# SUPPLIED MATERIAL
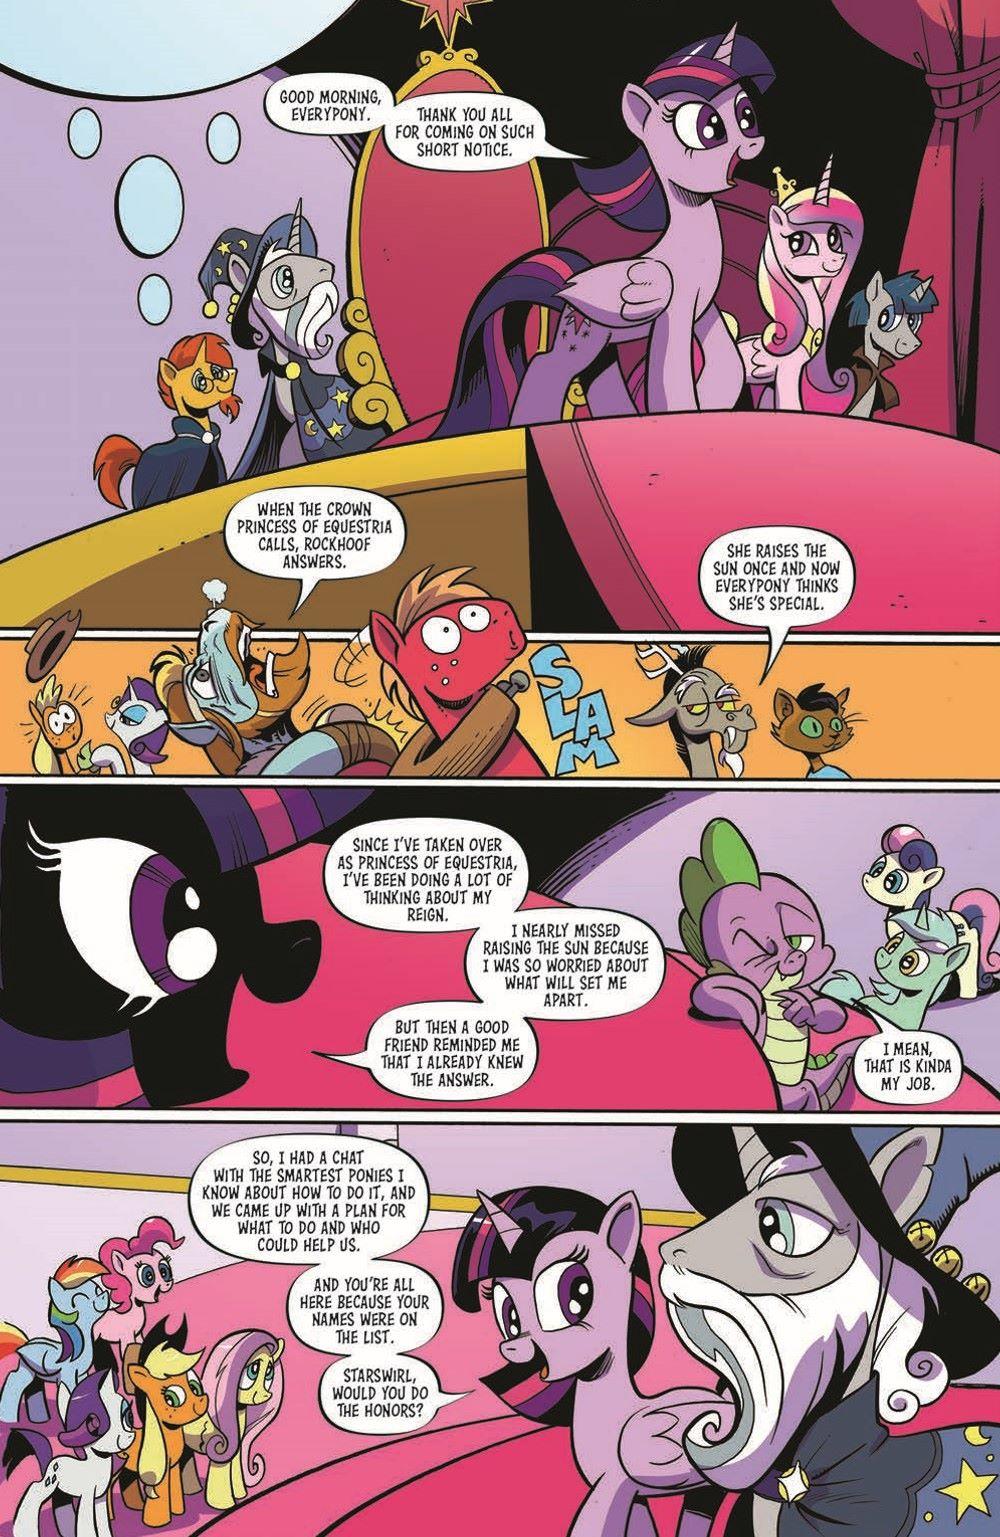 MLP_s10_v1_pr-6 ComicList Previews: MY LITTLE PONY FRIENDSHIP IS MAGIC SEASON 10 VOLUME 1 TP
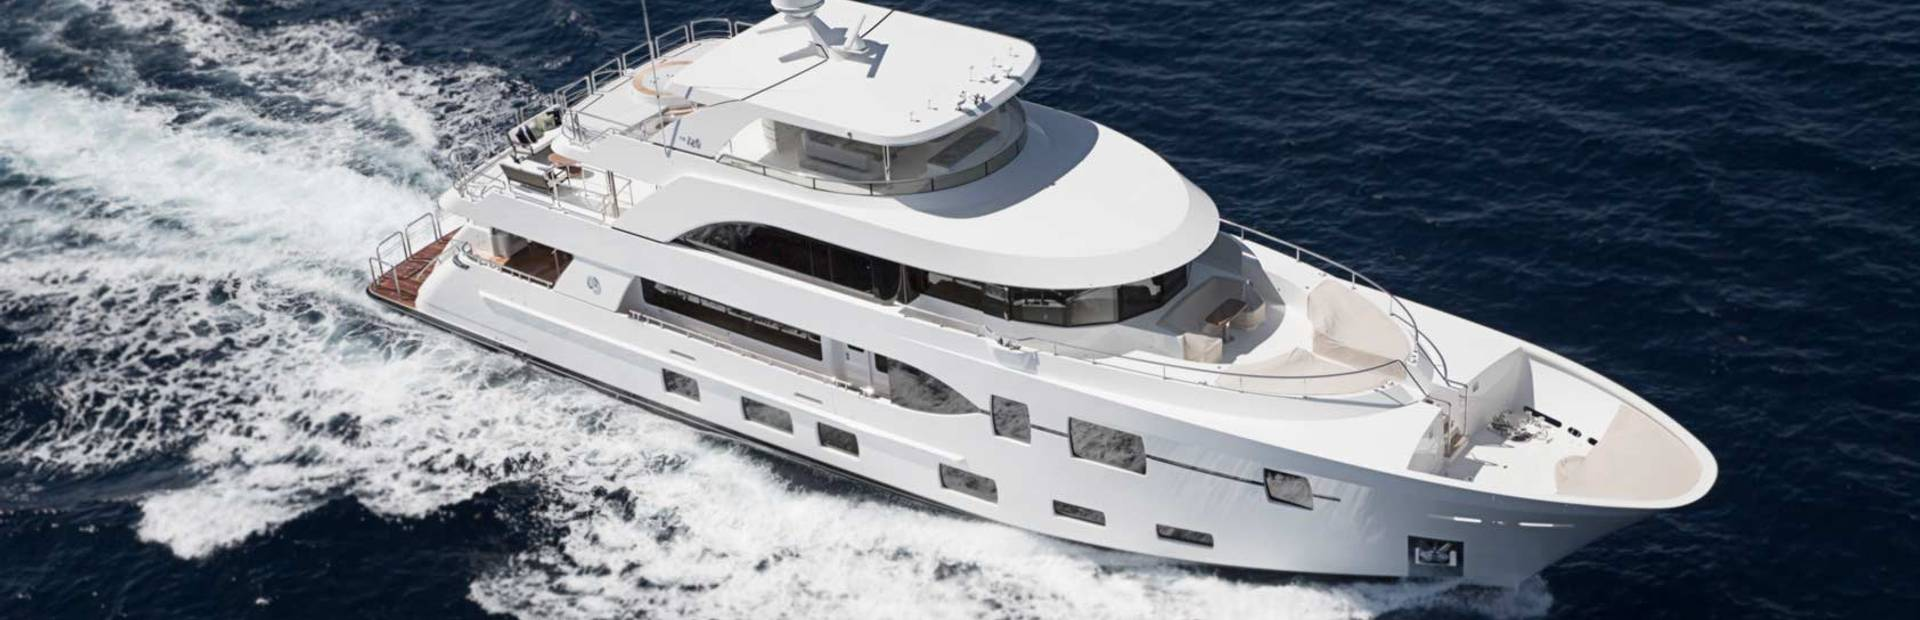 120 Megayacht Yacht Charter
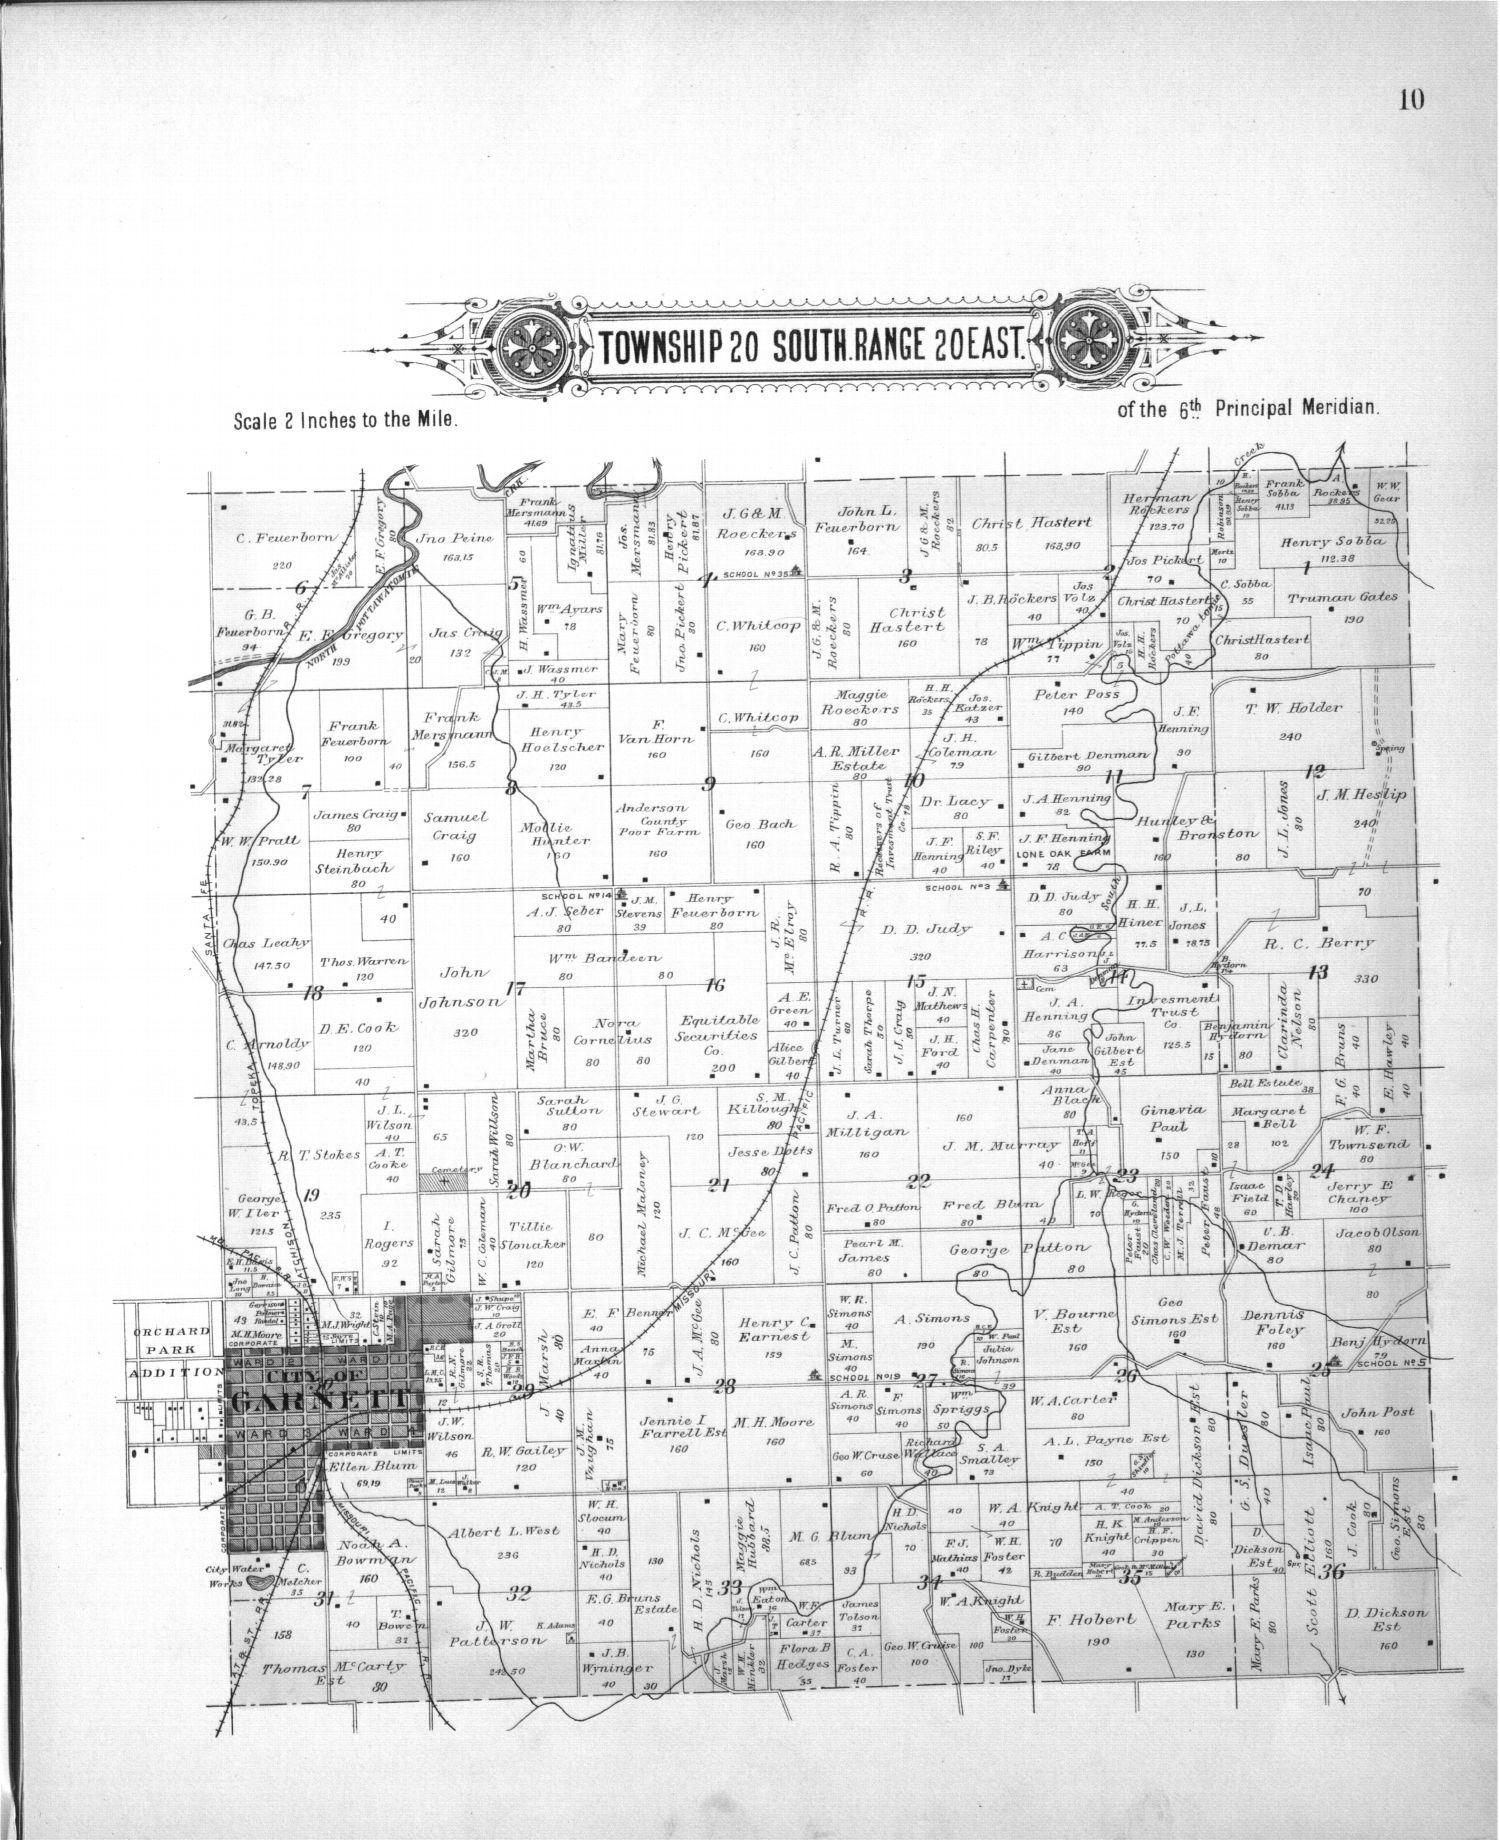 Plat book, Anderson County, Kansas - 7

# DESCRIPTION OF THE TASK
Give an exact copy of the listing above that leaves out every picture.

# WORKED SOLUTION
 MLP_s10_v1_pr-6 ComicList Previews: MY LITTLE PONY FRIENDSHIP IS MAGIC SEASON 10 VOLUME 1 TP
 120 Megayacht Yacht Charter
 Plat book, Anderson County, Kansas - 7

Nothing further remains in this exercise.